A quick run back to the end of the hall.

Out on the concourse, about two thirds of the meat-minds were down, those parts of their faces not being covered by the impact of baseball bats, covered in fresh ground pepper. Claire sat slumped against the art supply store, cradling one arm. Scattered, brightly colored heaps marked fallen elves, Kris and Colin weaving among them pulling downed comrades to safety.

Wet blades glistening, Arthur and the dark elf fought on.

As Diana stepped forward, Arthur danced sideways to avoid a lunge and tripped over a discarded tote bag.

He began to fall. His sword rose to block a descending blow, but the angle was wrong and everyone could see it.

The Immortal King was about to die.

A simple “no” could prevent disaster.

Diana could feel the word rising.

But that “no” could provide the enemy with power enough to complete the segue.

She had nothing in her pouch, nothing that might…

The wand. The wand belonged on the Otherside.

Yanking it from her pocket, Diana pointed the pink star at the dark elf, tried very hard not to think of how stupid this had to look, and opened herself up to extreme possibilities.

The sudden spray of pink power froze him in place, his dark sword no more than a centimeter from Arthur’s throat. Glistening lines raced over his armor, connected the water droplets, and flared into a rose-white light too bright to look at.

When the light finally faded and everyone had blinked away the aftereffects, the dark elf was gone.
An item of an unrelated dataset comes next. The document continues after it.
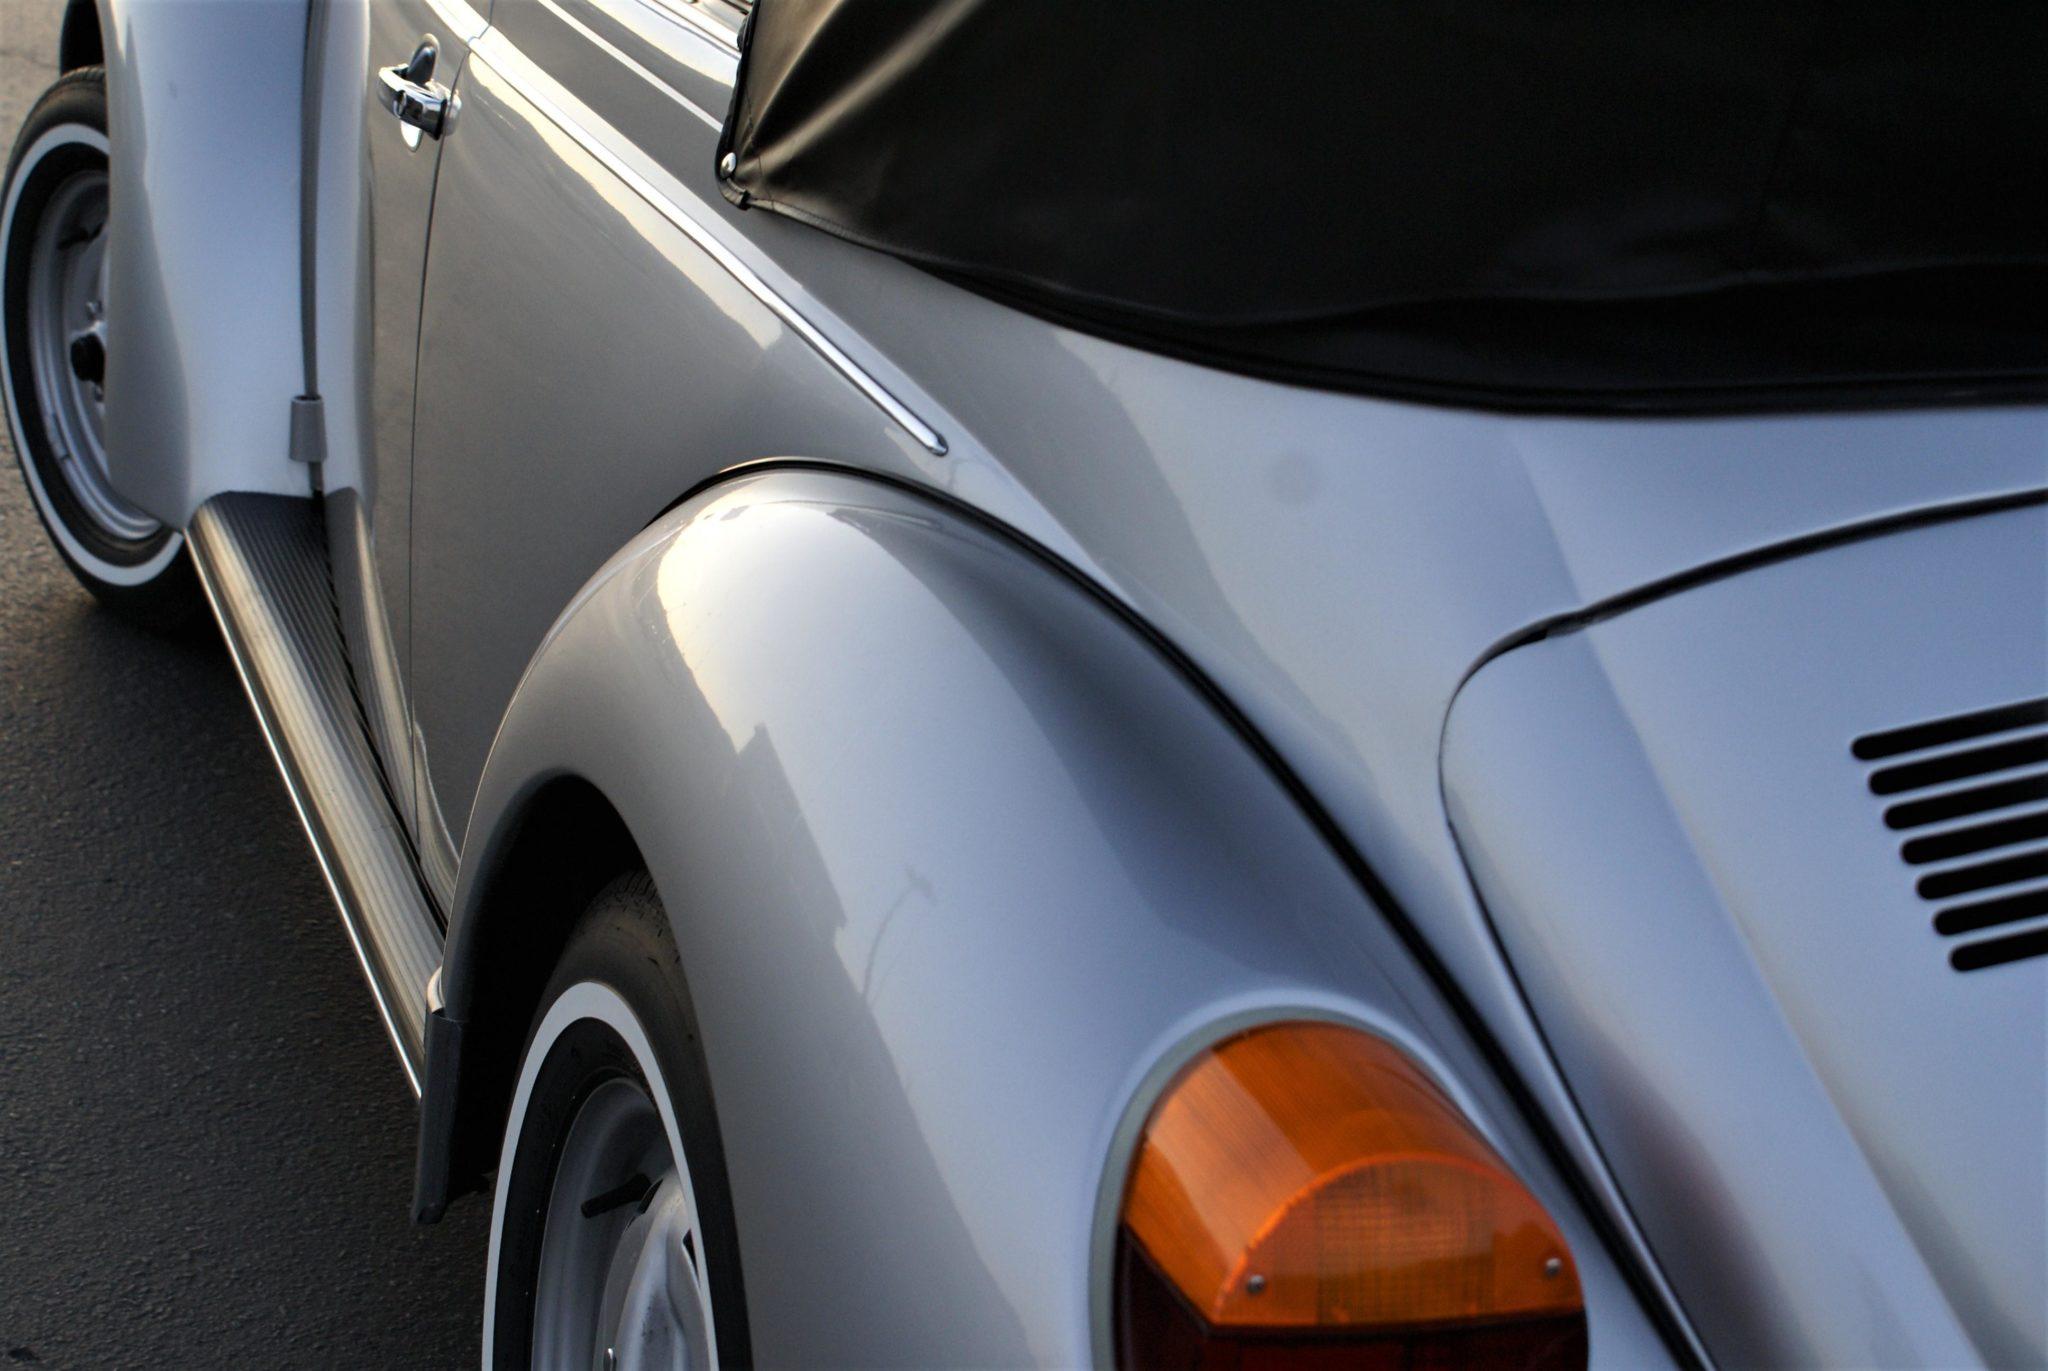 1979_volkswagen_super_beetle_cabriolet_15870735565edb25977DSC07381-scaled

The few meat-minds still standing threw themselves over the barrier to the lower level, landing five meters down with a disconcerting splat.

“Wicked.”

Diana turned to see Kris smiling at her admiringly.

“And thanks for that, you know, feather thing.”

Diana would have liked to have spent a moment basking in Kris’ admiration, but the wand dropped from numb fingers and a heartbeat later she followed it to the floor, not entirely certain if she wanted to puke or pass out. Unable to decide, she did both.

*   *   *

Dean brushed his palm over a depleted spray of lime-green feathers and sighed. “Austin, what happened to my feather duster?”

“Don’t look at me.”

“I thought you knew everything.”

“I do.” Rolling over, he exposed his other flank to the square of sunlight. “I just don’t want you to look at me.”

FIVE

“IT’S BEEN THREE DAYS.”

“Four,” Austin corrected morosely from his place on the counter. “They left Saturday, it’s now Tuesday.”